Last fall, a paper came out in MBE, Ancestry-Specific Analyses Reveal Differential Demographic Histories and Opposite Selective Pressures in Modern South Asian Populations, which I gave a cursory read, but which I’ve looked at more closely. It takes a “natural experiment,” the emergence of Indian subcontinental populations from a massive admixture between lineages which diverged 40,000 years ago, and looks to see which genetic regions deviate from what you would expect based on overall genome.
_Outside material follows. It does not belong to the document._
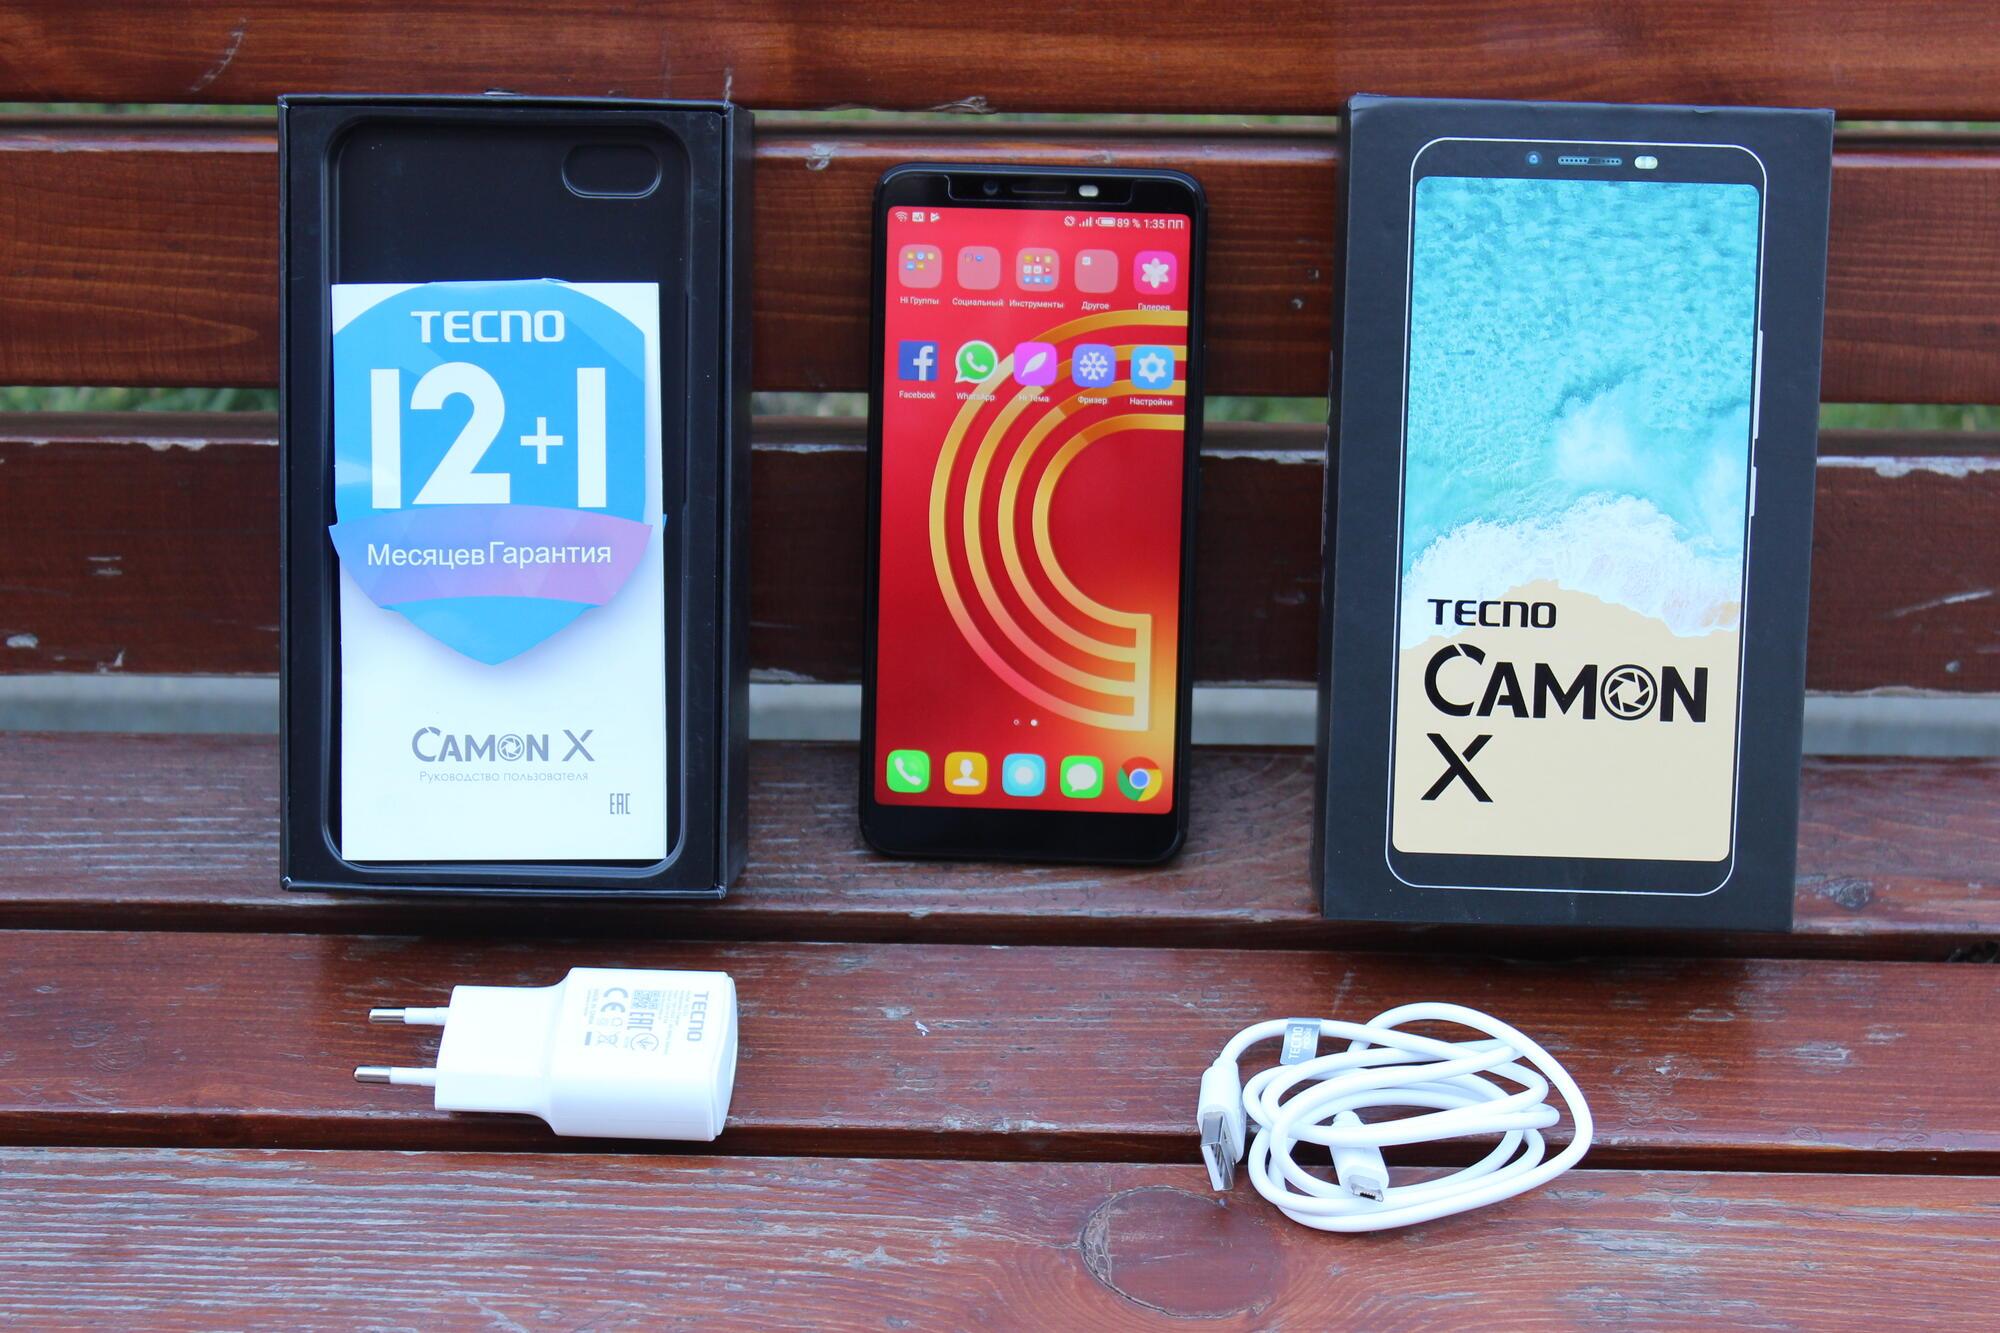 Smartfony i aksessuary - Tonkiy i moshcnyy smartfon TECNO CAMON X

The method is simple: imagine that “Ancestral North Indians” are fixed for an allele at a gene in one state and “Ancestral South Indians” are fixed in the other state. Indian populations are about 50:50 (with a range). If the frequency today in Indian populations is 95% for the allele that is from the “Ancestral North Indians”, one might be suspicious as to what’s going on. Or, vice versa.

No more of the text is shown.